Dom Redovino Rizzardo
No dia 23 de novembro, foi publicado o segundo livro-entrevista de Bento XVI. Fruto de vinte horas de diálogo com o escritor alemão Peter Seewald, traz como título: “Luz do Mundo. O Papa, a Igreja e os sinais dos tempos”. O primeiro livro do gênero foi escrito pelo jornalista italiano Vittorio Messori, em 1984. Na época, o Cardeal Ratzinger era responsável pela Congregação da Doutrina da Fé, e gozava fama de ser tão conservador, que algumas editoras católicas, inclusive do Brasil, se recusaram a editar o volume.
Para Seewald, «o Papa não é um ditador, mas um homem de diálogo; ele não fugiu de nenhuma questão nem censurou trecho algum de sua longa entrevista». Entre as respostas dadas, duas estão relacionada com a AIDS e a camisinha. Nelas, Bento XVI deu a impressão de rever o pronunciamento que fez no dia 17 de março de 2009, durante uma viagem à África, pronunciamento que suscitou uma avalanche de críticas da opinião pública mundial.
Em seu diálogo com Peter Seewald, o Pontífice declara que o uso do preservativo é justificado quando o objetivo é evitar a transmissão da Aids.
Tentando esclarecer a aparente contradição, o Pe. Frederico Lombardi, diretor da Sala de Imprensa do Vaticano, assevera que «o Papa não muda o ensinamento da Igreja, mas o reafirma, colocando-se na perspectiva do valor e da dignidade da sexualidade humana, como expressão de amor e responsabilidade. Na entrevista, ele se refere a uma situação excepcional, quando o exercício da sexualidade representa um risco para a vida do outro. Bento XVI não justifica moralmente o exercício desordenado da sexualidade, mas julga que a utilização do preservativo para diminuir o perigo de contágio é um primeiro ato de responsabilidade, um primeiro passo no caminho rumo a uma sexualidade mais humana».

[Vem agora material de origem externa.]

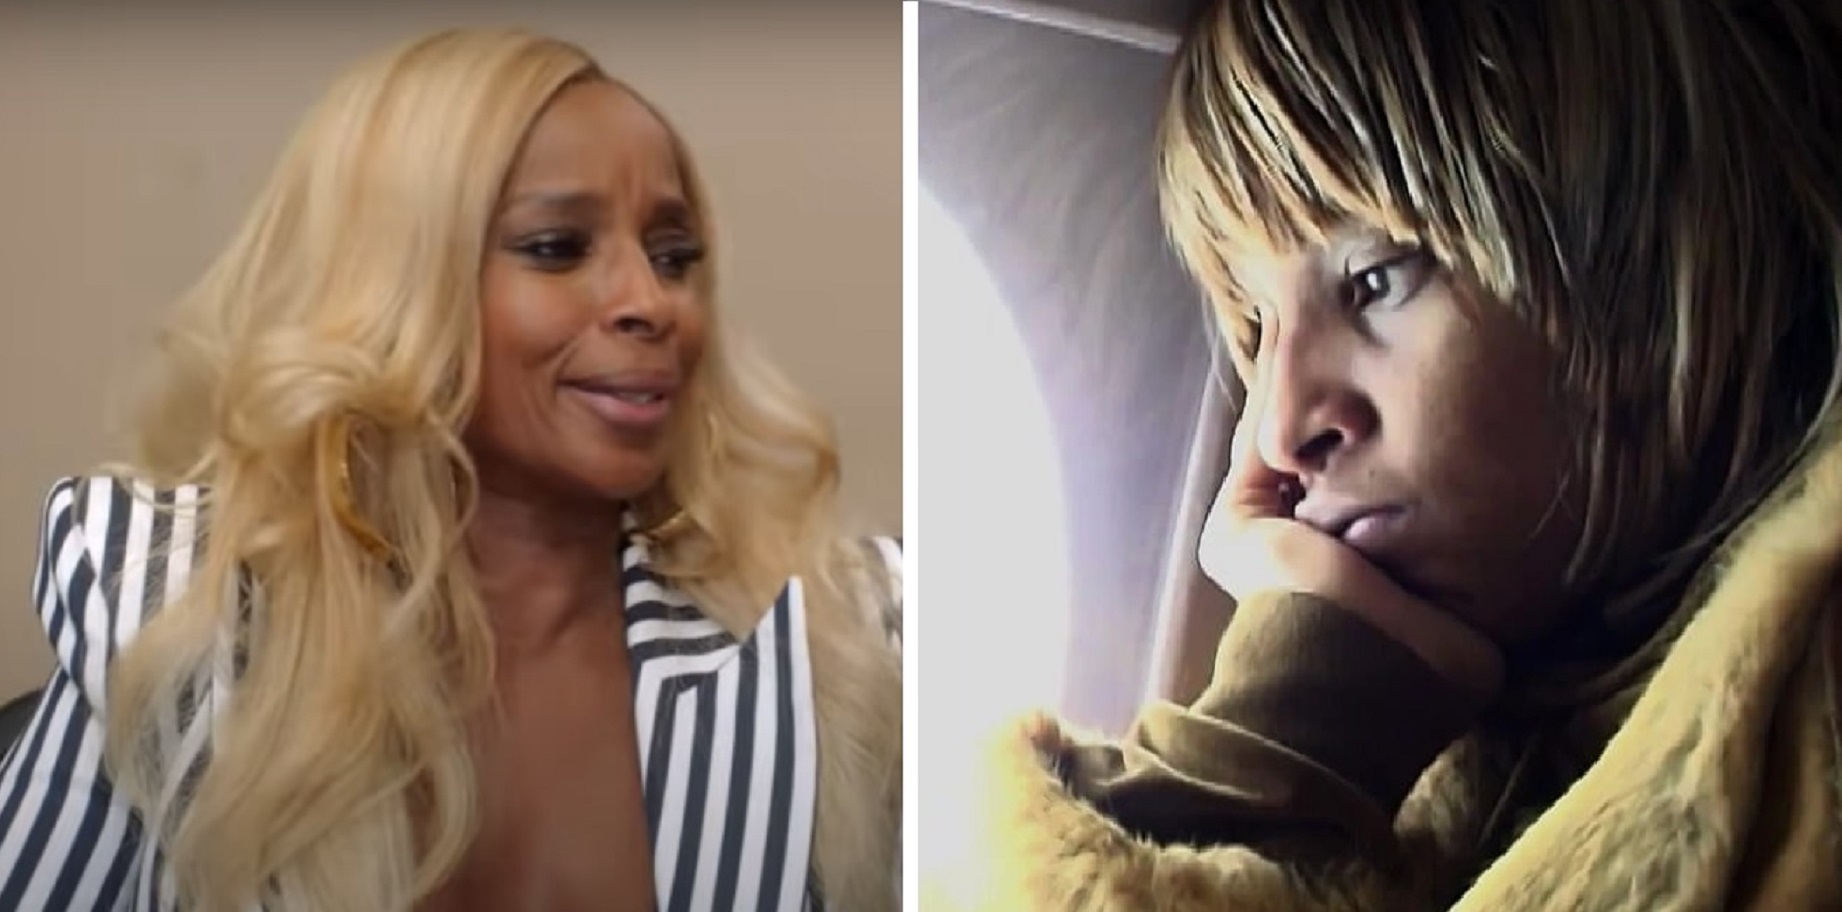 Watch: Mary J. Blige’s Life Reflected In Emotional New Documentary, ‘My Life’ [Trailer]

Neste sentido – continua o sacerdote –, as palavras do Pontífice «não podem ser vistas como uma mudança revolucionária, mas refletem o que ele disse numa entrevista de 2005, quando reconheceu que, em situações particulares, como, por exemplo, onde campeia a droga, a promiscuidade e a miséria, o uso do preservativo pode ser considerado legítimo». «É como se o Papa dissesse: usar a camisinha é um mal menor do que contaminar o próximo», explica o Pe. Márcio Fabri dos Anjos.

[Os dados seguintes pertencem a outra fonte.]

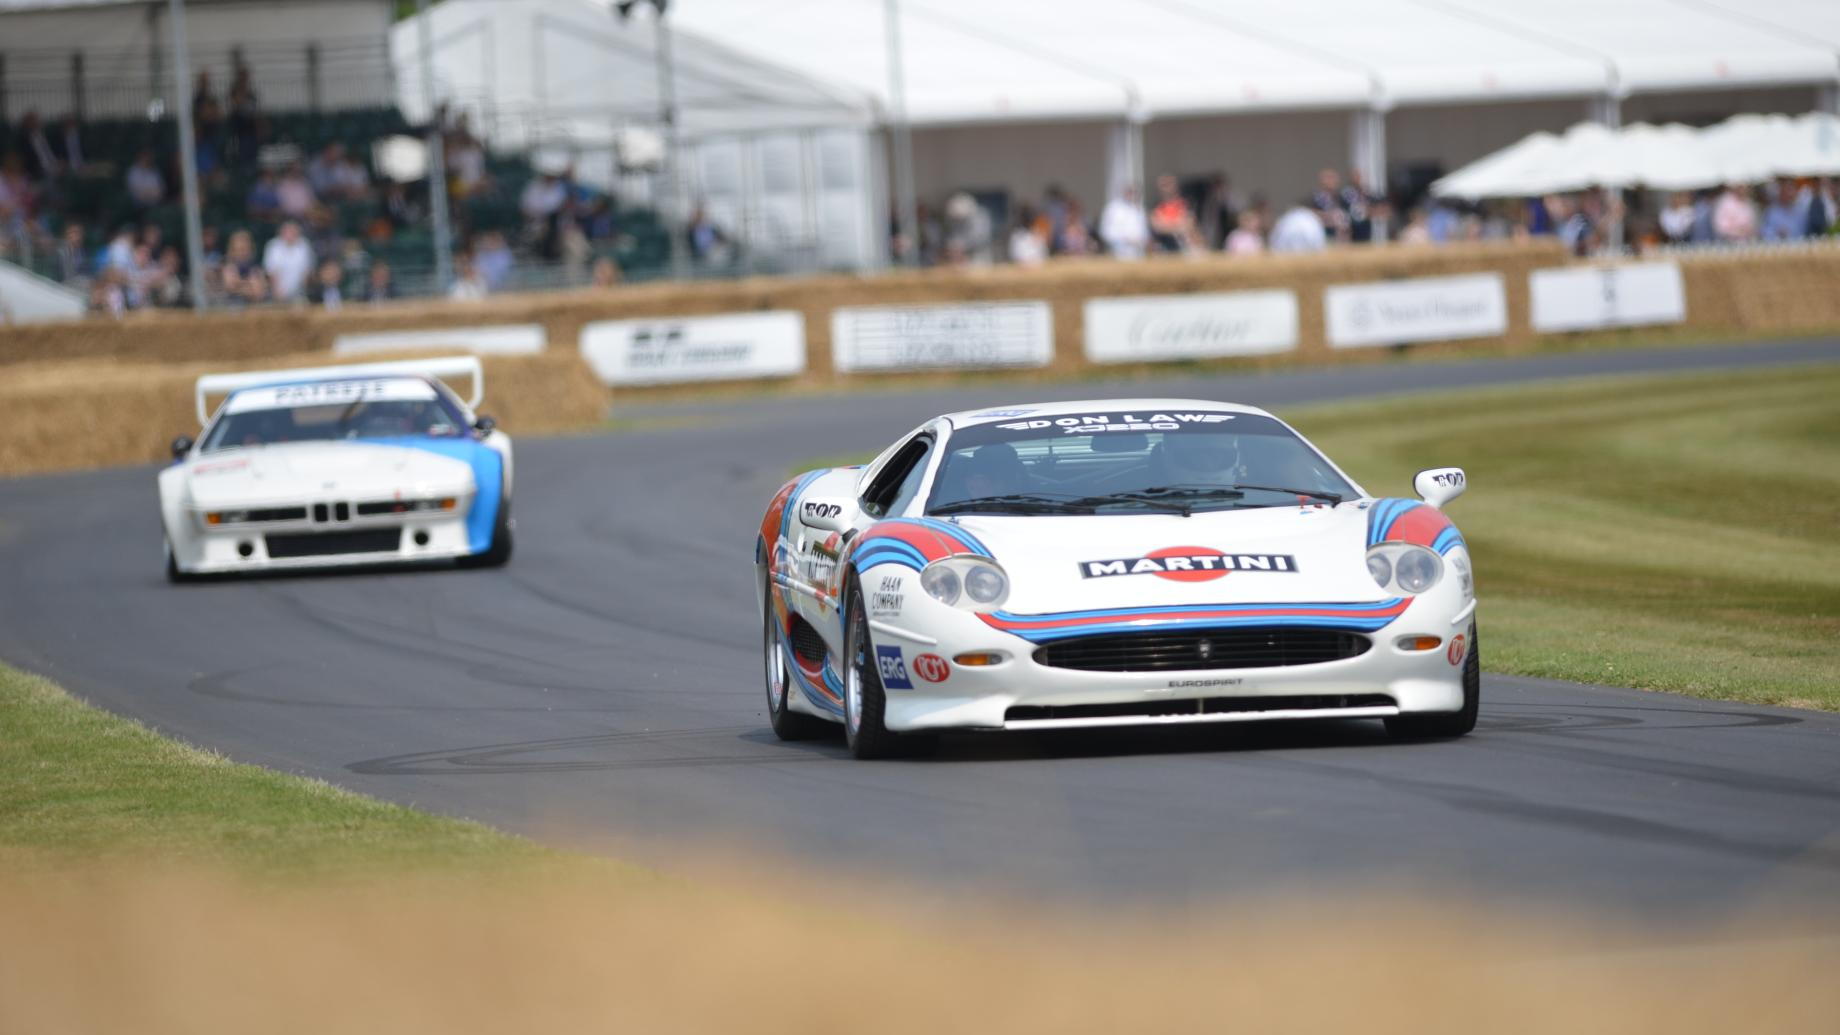 2013 Goodwood Festival of Speed lineup

O livro de Peter Seewald apresenta também uma apreciação de Bento XVI sobre a “Humanae Vitae” de Paulo VI, publicada em 1968: «As perspectivas da Humanae Vitae continuam válidas, mas é preciso encontrar caminhos humanamente praticáveis. Creio que sempre haverá minorias intimamente convencidas da verdade dessas perspectivas e que, vivendo-as, se sentirão plenamente satisfeitas, sendo para os outros um fascinante modelo a seguir. Somos pecadores, mas não deveríamos ver neste fato uma instância contra a verdade, quando não se consegue viver essa elevada moral. Pelo contrário, deveríamos fazer todo o bem possível, apoiando-nos e suportando-nos mutuamente. Nossa tarefa é expressar tudo isso do ponto de vista pastoral e teológico, no contexto da sexologia e da pesquisa antropológica atual».
«Com essas declarações – acrescenta o Pe. Lombardi – Bento XVI nos oferece uma contribuição original. De um lado, ele se mantém fiel aos princípios morais, rejeitando o caminho ilusório da confiança ilimitada no preservativo; de outro, porém, demonstra uma visão compreensiva e de amplos horizontes, sempre atenta a valorizar os passos – ainda que pequenos, iniciais e confusos – de uma humanidade, não raras vezes muito pobre espiritual e culturalmente, ante um exercício mais humano e responsável da sexualidade».
Quanto ao pronunciamento do Papa durante a sua viagem à África, o religioso esclarece que, com essa nova intervenção, o sucessor de Pedro «confirma com clareza o que afirmou naquela ocasião: o problema da AIDS não se resolve somente com a distribuição de preservativos, mas exige prevenção, educação, ajuda, aconselhamento e proximidade com as pessoas, tanto para evitar que acabem doentes, quanto para ajudar as que estão contaminadas. Bento XVI julga que concentrar-se exclusivamente no preservativo significa banalizar a sexualidade, o que leva muitas pessoas a não vê-la como expressão do seu amor, mas como uma espécie de droga que se trocam mutuamente».